I've always assumed rave reviews were paid reviews, but if something or someone or someplace has a lot of four star reviews, it's probably good.
sendero
(28,552 posts)... (I'm talking mostly restaurants and certain products) I find that if you read them all the impression you get will be pretty close. There are always the outliers whose expectations are ridiculous and you can usually spot them by a careful reading of the review.

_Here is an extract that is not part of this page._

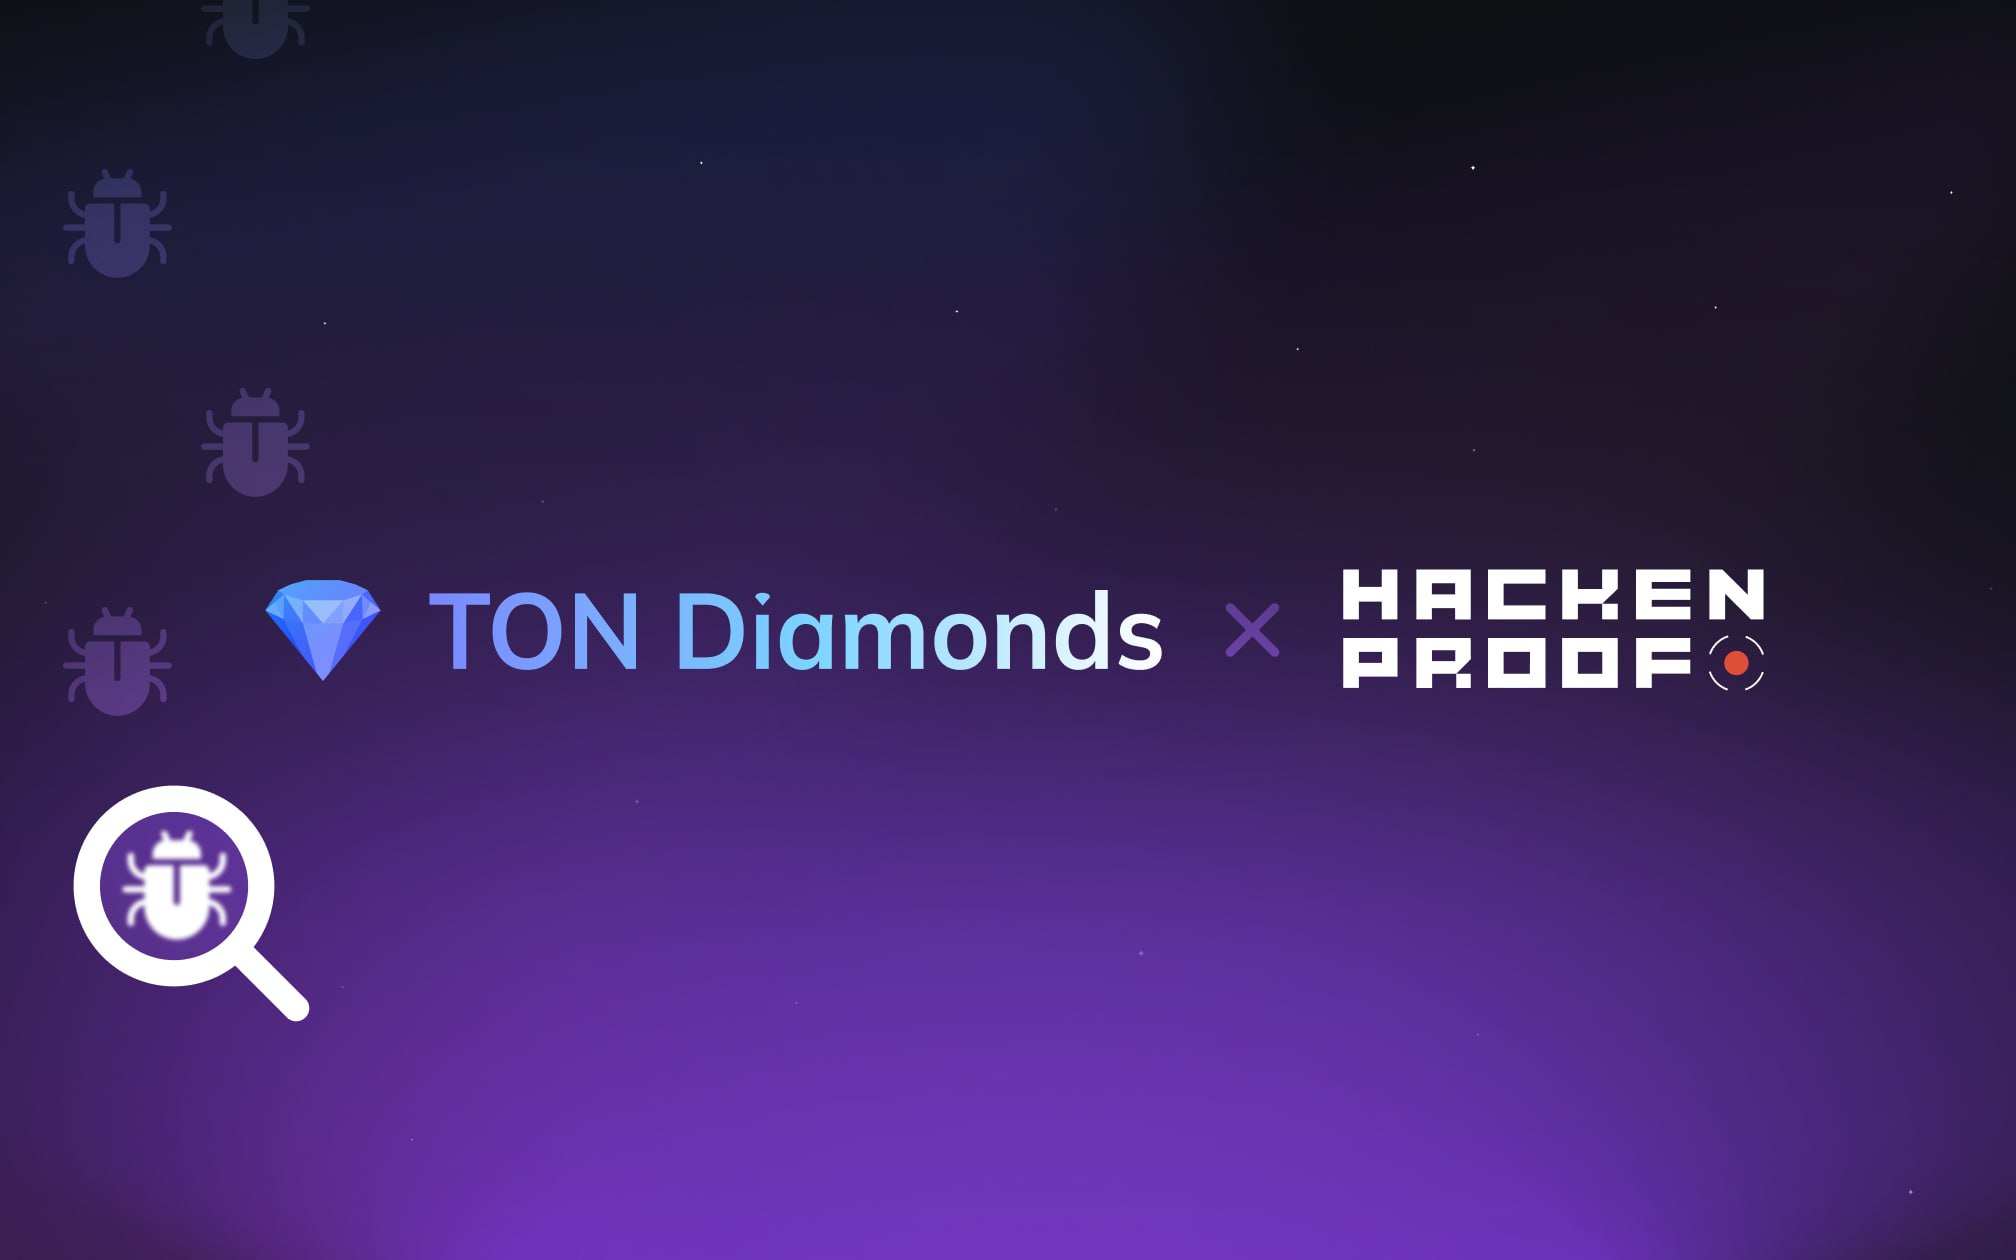 TON Diamonds has launched a bug bounty program in collaboration with HackenProof.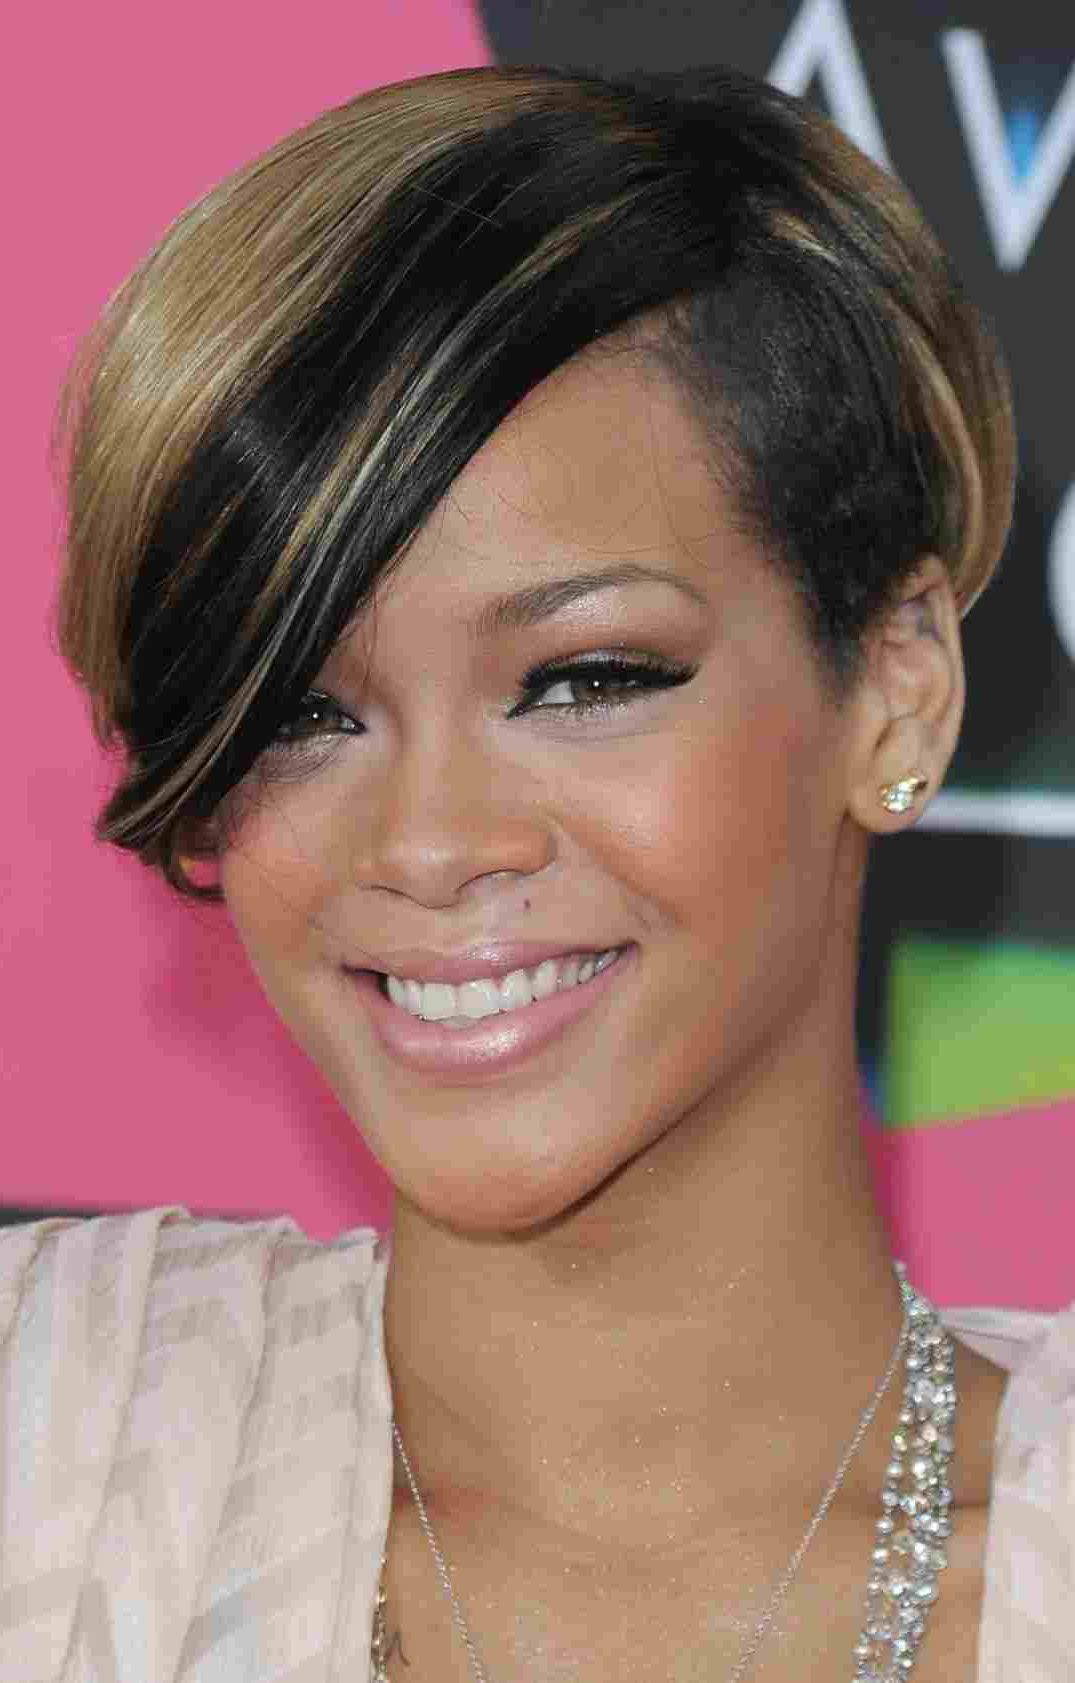 Short Haircuts For Oval Faces Women With Hairstyles Pertaining To Cute Short Hairstyles For Thin Hair (View 18 of 25)

I agree with you that the negative reviews are often more interesting than the positive and I always read them first. And I've been suspicious of reviews that seem to make "marketing points" as I suspect that most of those reviews were not written by an actual customer.
ProudToBeBlueInRhody
(16,399 posts)If a product doesn't work the way someone expected or wanted it to, or they got what they considered a bad meal....I think they are far more likely to go to the net to complain rather than seek out a chance to praise the product that did what it was supposed to or the meal they liked.
sendero
(28,552 posts)... but in my case if I find a new restaurant that I really like, I always go and give it an up review. There are so few good restaurants around here
arikara
(5,562 posts)as they give more information, then parse the positive ones carefully. I've noticed that often the astroturf reviews use the same terminology and wording.
The thing is, if they go after astroturfing in online advertising, why not go after lies in other forms like tv and print. "all natural" is one that comes to mind. I hate that phrase, people always assume that it is equivalent to "organic" or even "good for you".